Nombre: Win32.Worm.Sasser.{A-C}
Alias: WORM_SASSER, Win32.HLLW.Jobaka
Tipo:
Tamaño: 15 KB
Descubierto: 01.05.2004
Detectado: 01.05.2004
Propagación: Media
Peligrosidad: Media
In The Wild:

Síntomas:

Presence of the files: (%WINDIR% is the Windows directory)
%WINDIR%\avserve.exe -- Win32.Worm.Sasser.A
%WINDIR%\avserve2.exe -- Win32.Worm.Sasser.B,C

Presence of the registry keys:
HKLM\SOFTWARE\Microsoft\Windows\CurrentVersion\Run
with the value:
"avserve.exe" = "%WINDIR%\avserve.exe" -- Win32.Worm.Sasser.A
"avserve2.exe" = "%WINDIR%\avserve2.exe" -- Win32.Worm.Sasser.B,C

Descripción técnica:
The worm installs by exploiting the LSASS vulnerability described in the Microsoft Security Bulletin MS04-011.
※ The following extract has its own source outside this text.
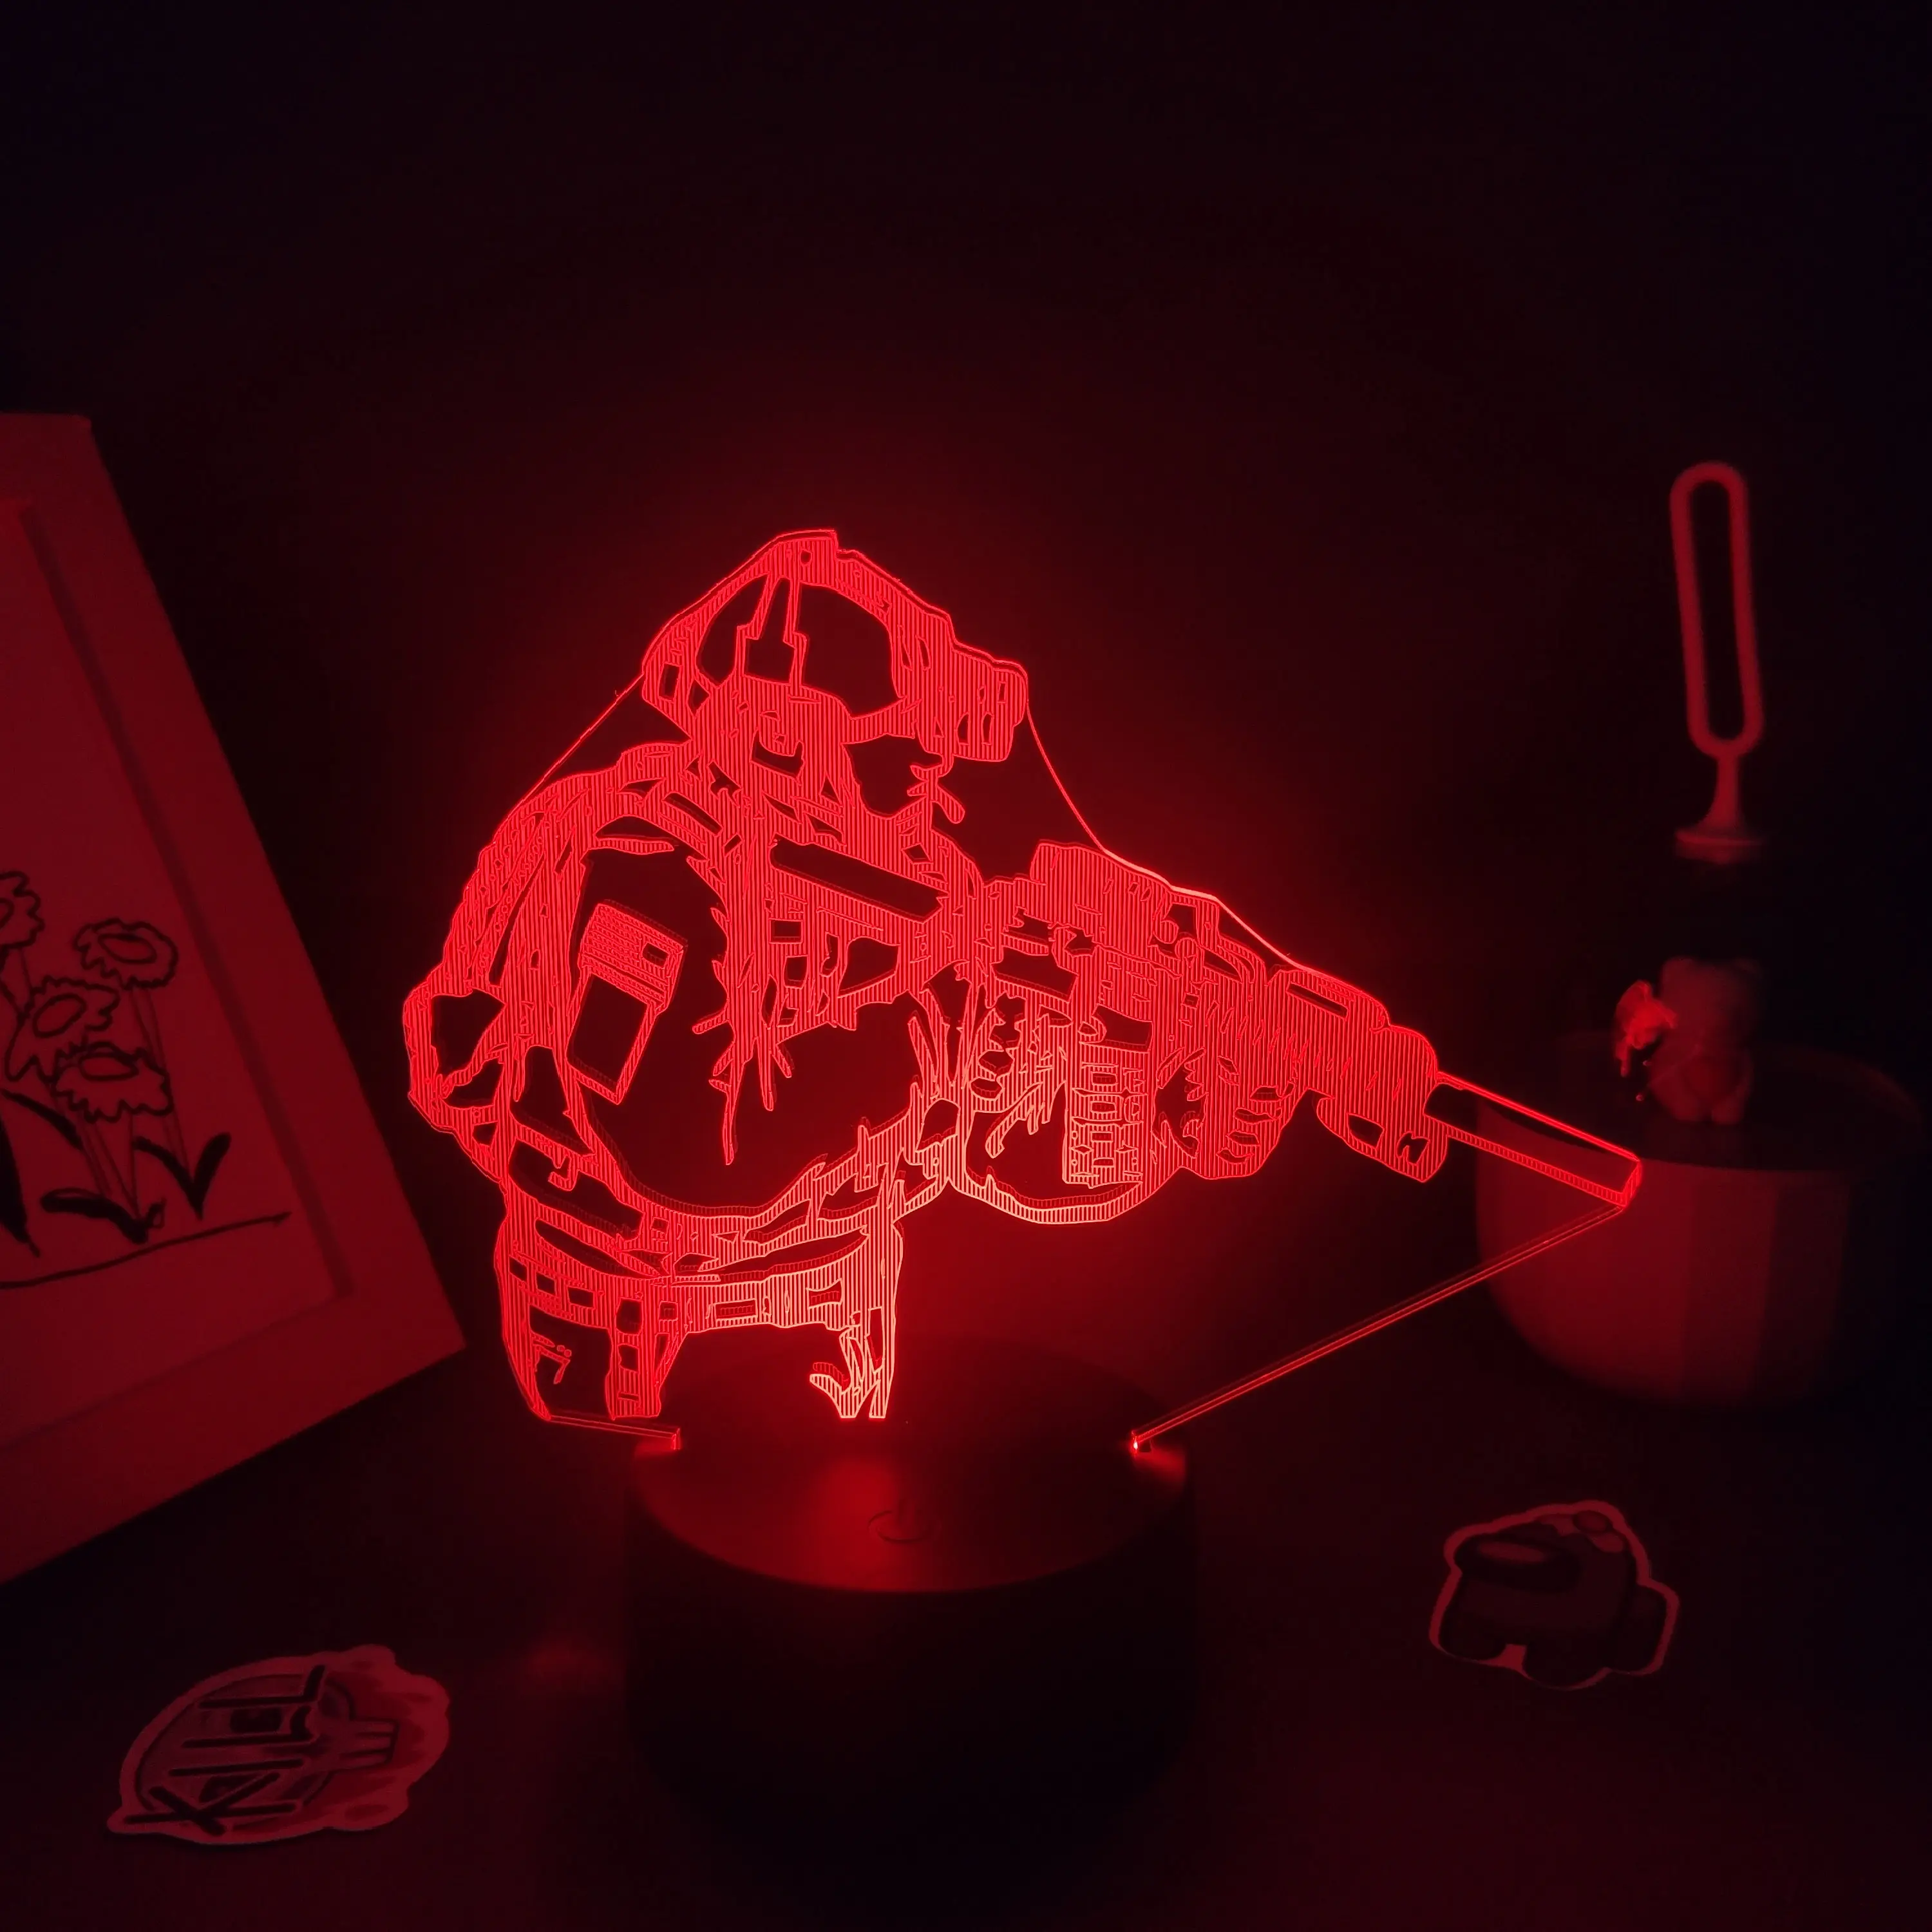 CS GO Counter-Strike Spiel figur 3D-Lampen Leds Neon RGB Nachtlichter Geburtstags geschenke Schlafzimmer Nachttisch Bunte Dekoration

It scans pseudo-random IPs on 445 sending the exploit that causes a remote shell to be spawned on port 9996.

Then it opens a FTP server on the remote computer that listens on port 5554, sends and executes itself on the remote machine.

Once executed, the worm drops a file in the Windows directory (%WINDIR%):

%WINDIR%\avserve.exe -- Win32.Worm.Sasser.A
%WINDIR%\avserve2.exe -- Win32.Worm.Sasser.B,C

and creates the registry key:
HKLM\SOFTWARE\Microsoft\Windows\CurrentVersion\Run
with the value:

"avserve.exe" = "%WINDIR%\avserve.exe" -- Win32.Worm.Sasser.A
"avserve2.exe" = "%WINDIR%\avserve2.exe" -- Win32.Worm.Sasser.B,C

Desinfección:
First you must install the security patch for the exploited vulnerability.
Go to Microsoft's Security Information page for MS04-011:

http://www.microsoft.com/technet/security/bulletin/ms04-011.mspx

Download and install the update for your Windows version and reboot.

After the update is installed, let BitDefender delete all files found infected with this worm.